Vice-porta-voz do Secretário-Geral afirmou que o material está sendo traduzido e será estudado pelas Nações Unidas, mas adesão ao tratado não é imediata.

Vice-porta-voz da ONU, Farhan Haq. Foto: ONU
O vice-porta-voz do secretário-geral Ban Ki-moon, afirmou que a ONU recebeu, nesta quinta-feira (12), documentos do governo da Síria para adotar a Convenção de Armas Químicas, informou a Rádio ONU. Segundo Farhan Haq, o material está sendo traduzido e será estudado pelas Nações Unidas. A adesão da Síria não será imediata, já que um processo deve ser seguido.
Haq explicou que existem várias formas de um país adotar o tratado que proíbe o uso de armas químicas. Isso pode ser feito através da assinatura, ratificação ou por adesão, como foi o caso agora.
O vice-porta-voz disse que esse é o primeiro passo para se tornar membro da Convenção e que o processo levará alguns dias até que o país possa formalmente adotar o tratado.
Haq esclareceu que o Secretário-Geral, Ban Ki-moon, ainda não recebeu o relatório da equipe de investigação da ONU, comandada por Ake Sellström, sobre o alegado uso de armas químicas na Síria. Descartando os rumores que surgiram na imprensa de que o documento seria apresentado na segunda-feira, Haq afirmou não saber quando o relatório será divulgado. Ele disse ainda que, para acelerar o processo de análise, o material colhido pela equipe de Sellström está sendo examinado em quatro laboratórios europeus.
Ele declarou também que o representante especial da ONU e da Liga Árabe para a Síria, Lakhdar Brahimi, se reuniu nesta quinta-feira (12), em Genebra, com o secretário de Estado americano, John Kerry.

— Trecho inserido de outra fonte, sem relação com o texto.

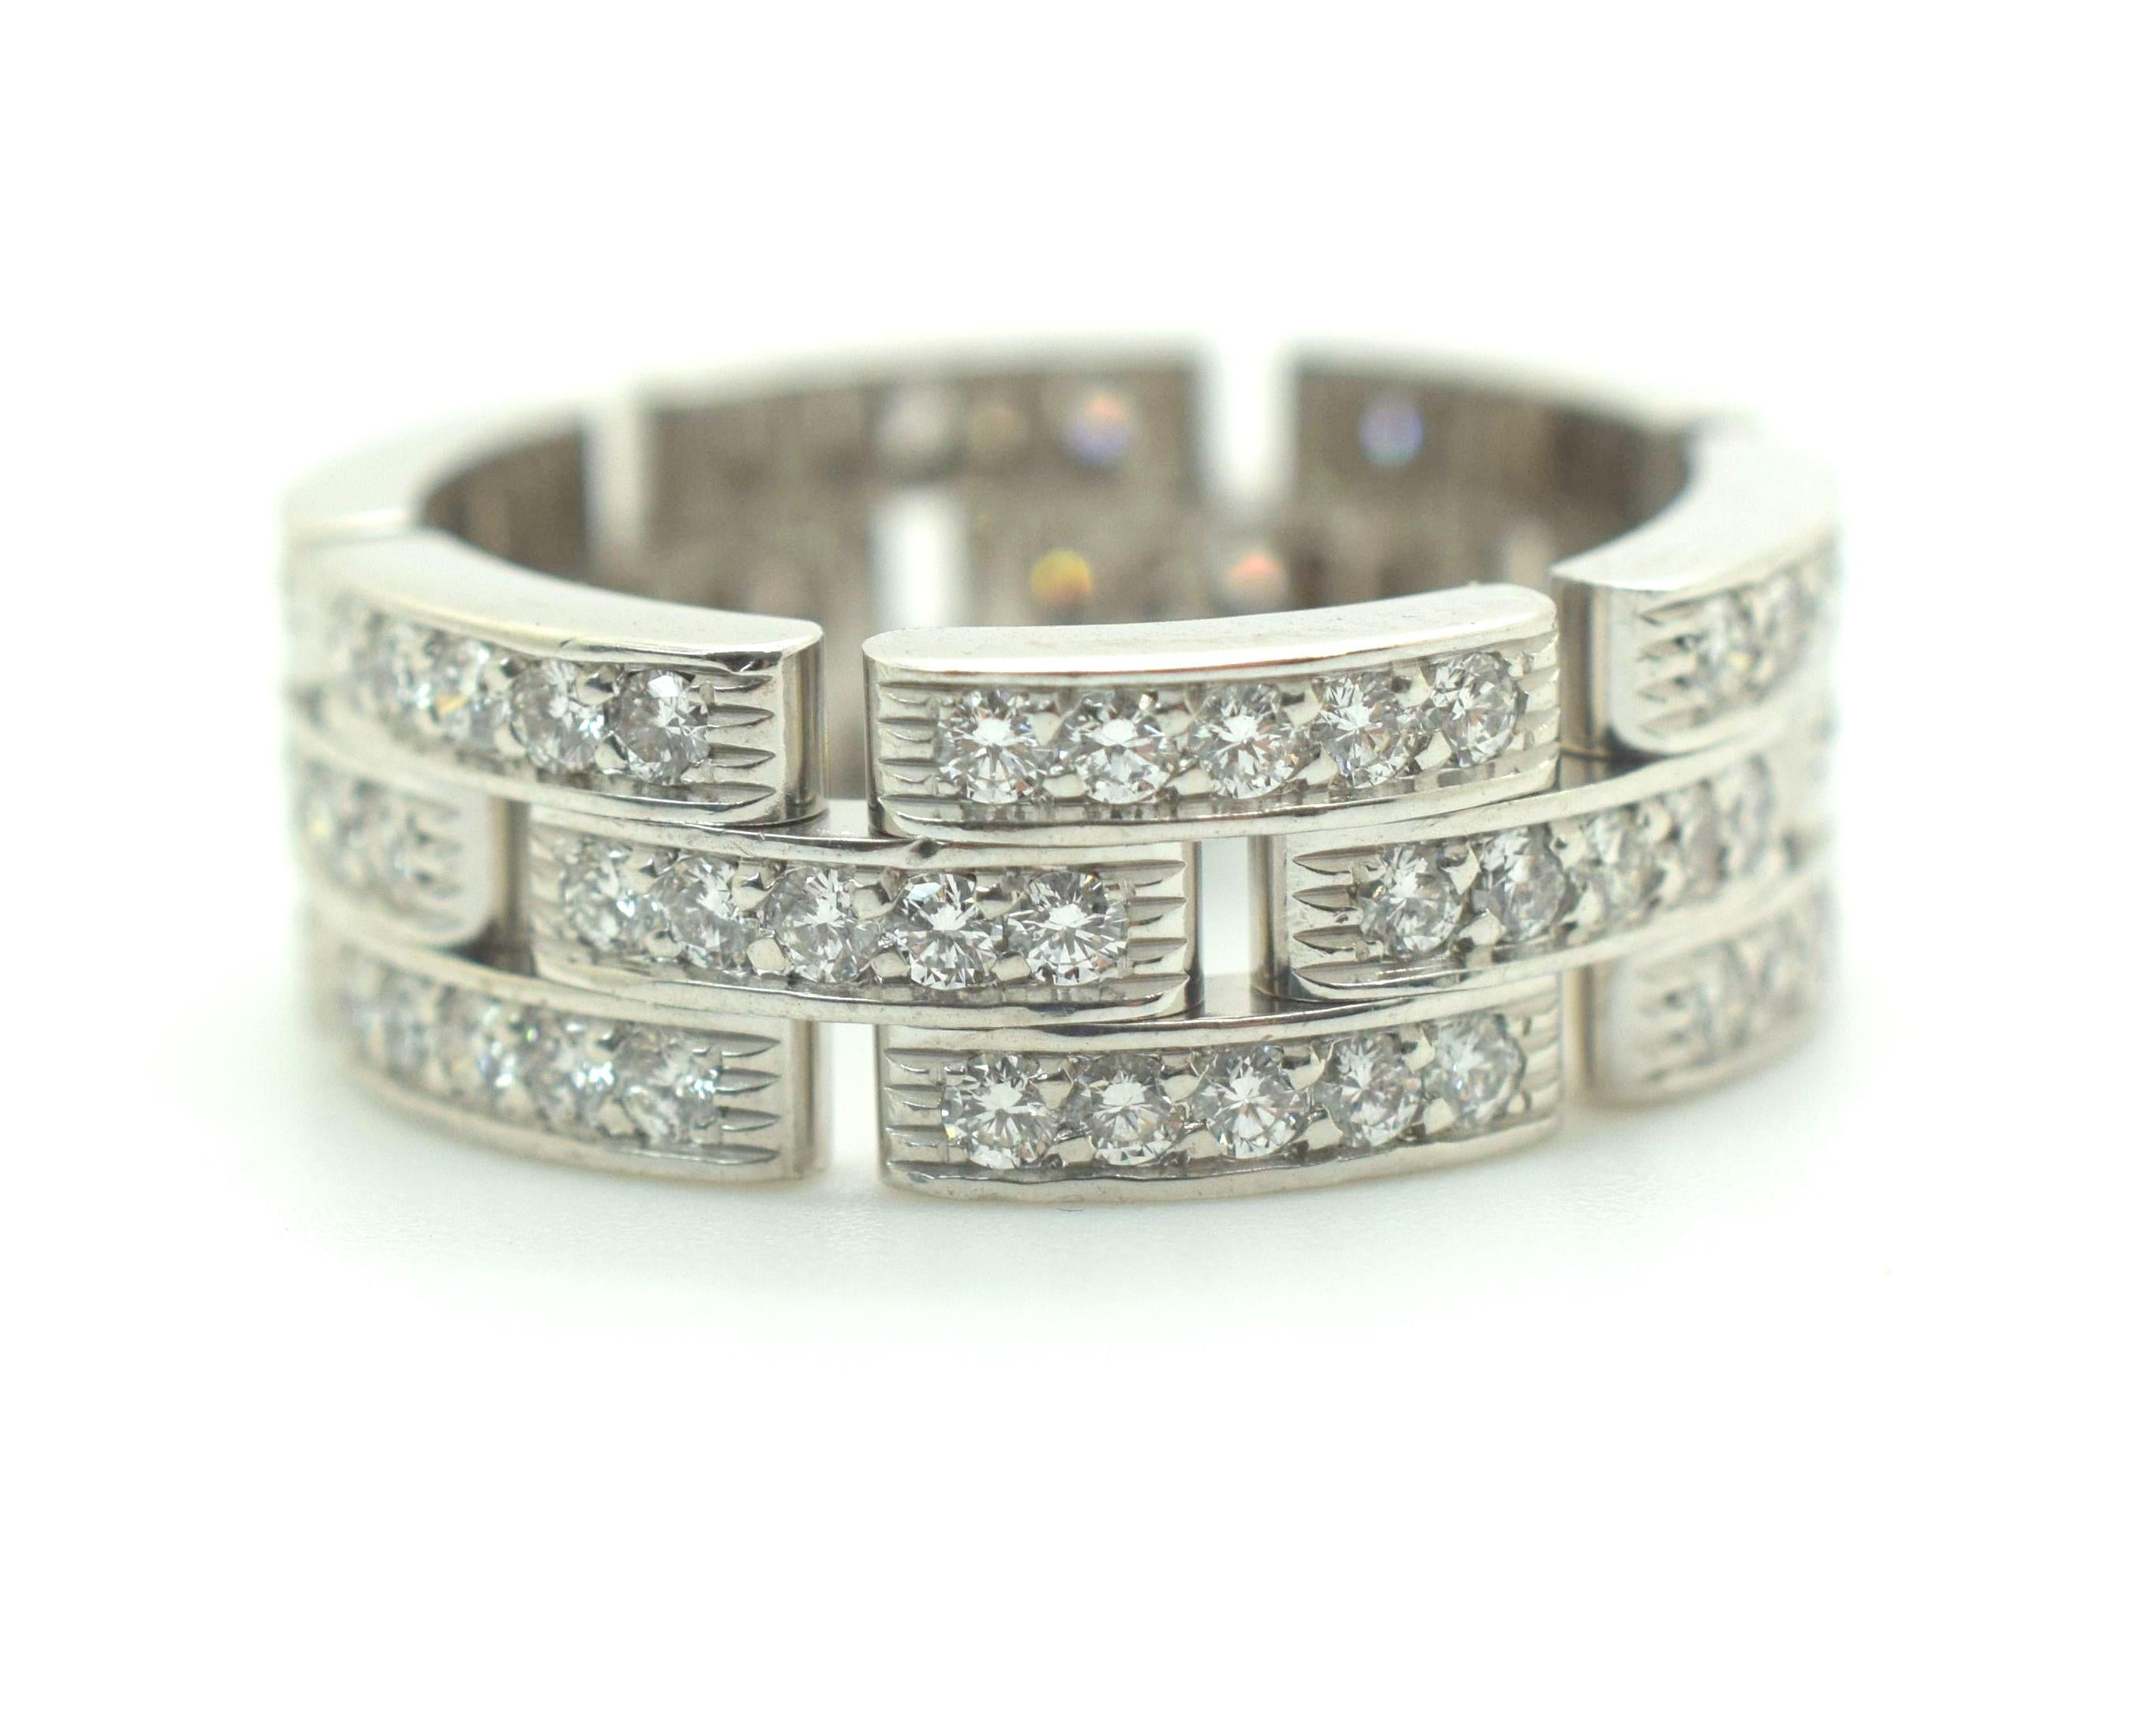 Cartier Maillon Panthère Wide Band Ring. Three rows of interlocking pave set diamond links in 18K White Gold. Carat Total Weight: 1.44 Color: E-F Clarity: VVS1 Signed Cartier and Numbered. Cartier size 60 U.S. Size 9. Not sizable.
Comes with

Brahimi também irá se reunir com o ministro das relações exteriores da Rússia, Sergey Lavrov.
O presidente do Conselho de Segurança, o embaixador australiano Gary Quinlan, afirmou (12) que as discussões sobre a Síria continuam, principalmente entre os cinco membros permanentes do grupo. Segundo Quinlan, é necessário quebrar o impasse nos debates entre a China, os Estados Unidos, a França, a Grã-Bretanha e a Rússia.